1937. Русские на Луне
Шрифт:
Но город этот пока остается ему чужим, лишь позволив ему на время остаться здесь, как позволяет сделать это крупное животное насекомым, которые сели ему на спину, потому что просто не замечает их. Начни они досаждать ему, то перевернется вверх ногами и растопчет насекомых, или хвостом прогонит, или в воду окунется, и тогда все они утонут.
Уехать отсюда? Он еще не обсуждал этот вопрос со Спасаломской. Они вообще мало что еще обсуждали. Не стоит ее спрашивать о другом городе. Это поставит ее перед выбором. По сути, выбором ненужным. Потому что Шешель знал ответ на этот вопрос. Только звучал он несколько иначе:
«Сможет
Он знал ответ.
«Нет».
Но даже если и сможет, то она изменится, станет другой и начнет медленно умирать душой. Лучше не ставить ее перед таким выбором. Но как же тогда? Терпеть самому?
Он издали заметил авто Спасаломской. Скорее даже не увидел, а догадался, что то красное пятно возле ее дома — авто. Он нажал на педали, увеличивая скорость, как бегуны при финишном спурте ускоряются, если у них остались еще силы, а ноги не заплетаются. Припарковался позади красного авто, выскочил прочь, даже не потрудившись дверцу закрыть, взбежал по лестнице, перепрыгивая через ступеньки — одну или две. Дыхание у него сбилось, а сердце от напряжения заколотилось, заволновалось, как близкий к взрыву паровой котел. Сколько он ни стучал в дверь, сколько ни жал дверной звонок, никто внутри не откликался, не шел к нему, точно все там оглохли.
Он приложил ухо к двери, но слышал только, как бьется его сердце, да гудит кровь в голове, а чуть позже он различил, как тикают за дверью часы, но больше никаких звуков оттуда не раздавалось. Только тишина. Пугающая тишина, как в склепе, пыльная и мертвая, от которой начинает пробивать озноб.
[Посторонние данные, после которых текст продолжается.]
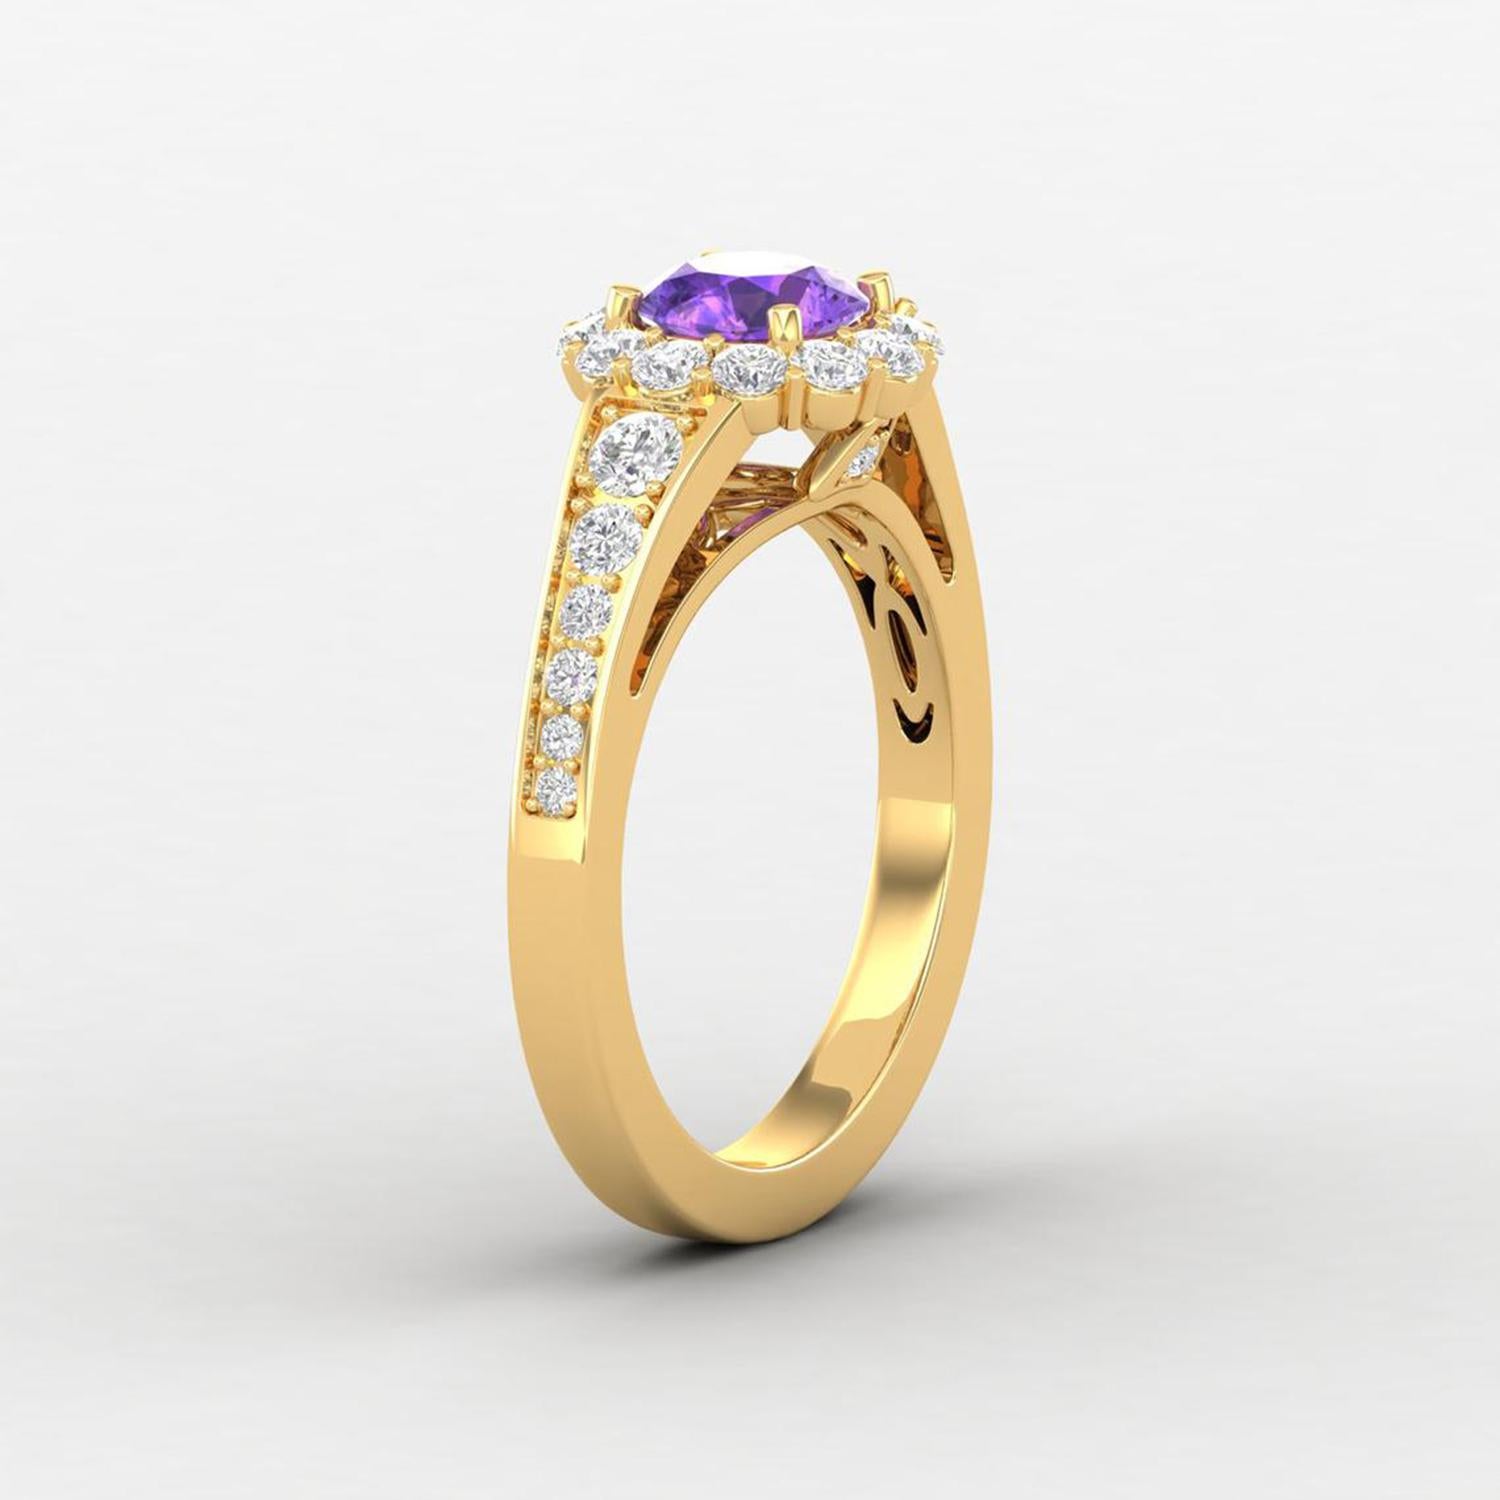 Modern 14 Karat Gold Round Amethyst Ring / Round Diamond Ring / Solitaire Ring For Sale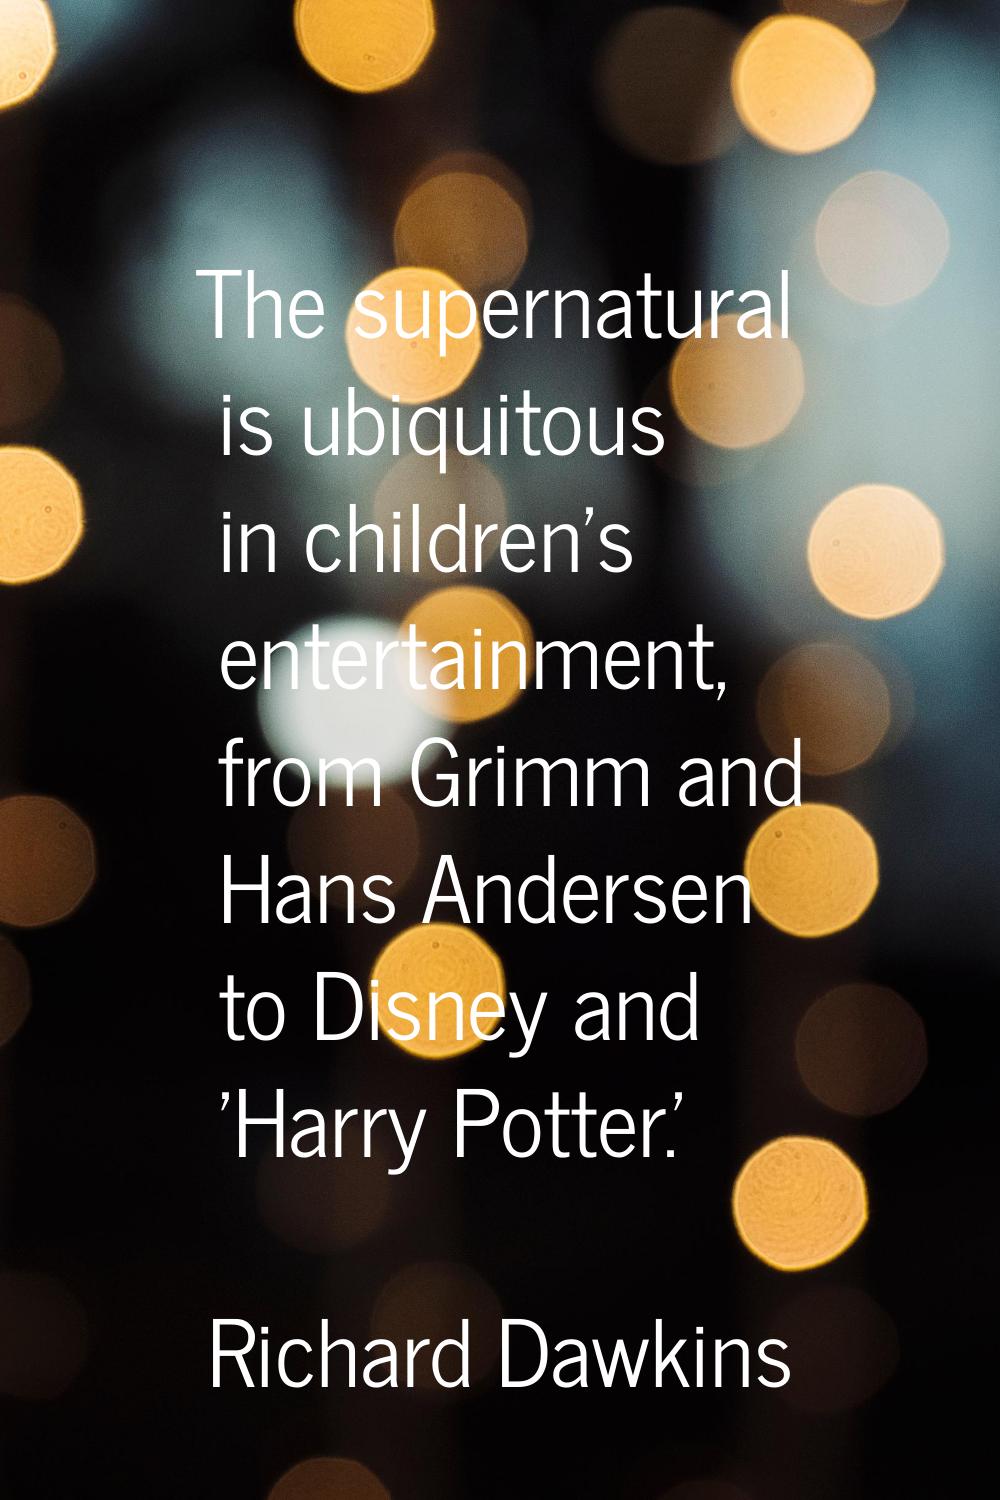 The supernatural is ubiquitous in children's entertainment, from Grimm and Hans Andersen to Disney

Наверное, вместо обоев стены у нее обклеены плакатами фильмов, в которых она снималась.
«Где все? Где служанка?»
Он мог бы чуть надавить плечом на дверь, а если бы она не поддалась, отойти от нее немного, разбежаться и удариться в нее всем телом, как тараном, вышибить ее, снести с петель. Будет не так уж больно.
Дверь оббита кожей с внутренней стороны, а под ней для шумоизоляции — вата.
Но зачем? Ведь там нет никого, а если кто из соседей услышит звук падающей двери, подумает, что в отсутствие хозяйки в дом ее решили залезть грабители. Неопытные грабители, которые так и не научились обращаться с отмычками и не могут сделать все бесшумно. Возле выхода его будет ждать полиция.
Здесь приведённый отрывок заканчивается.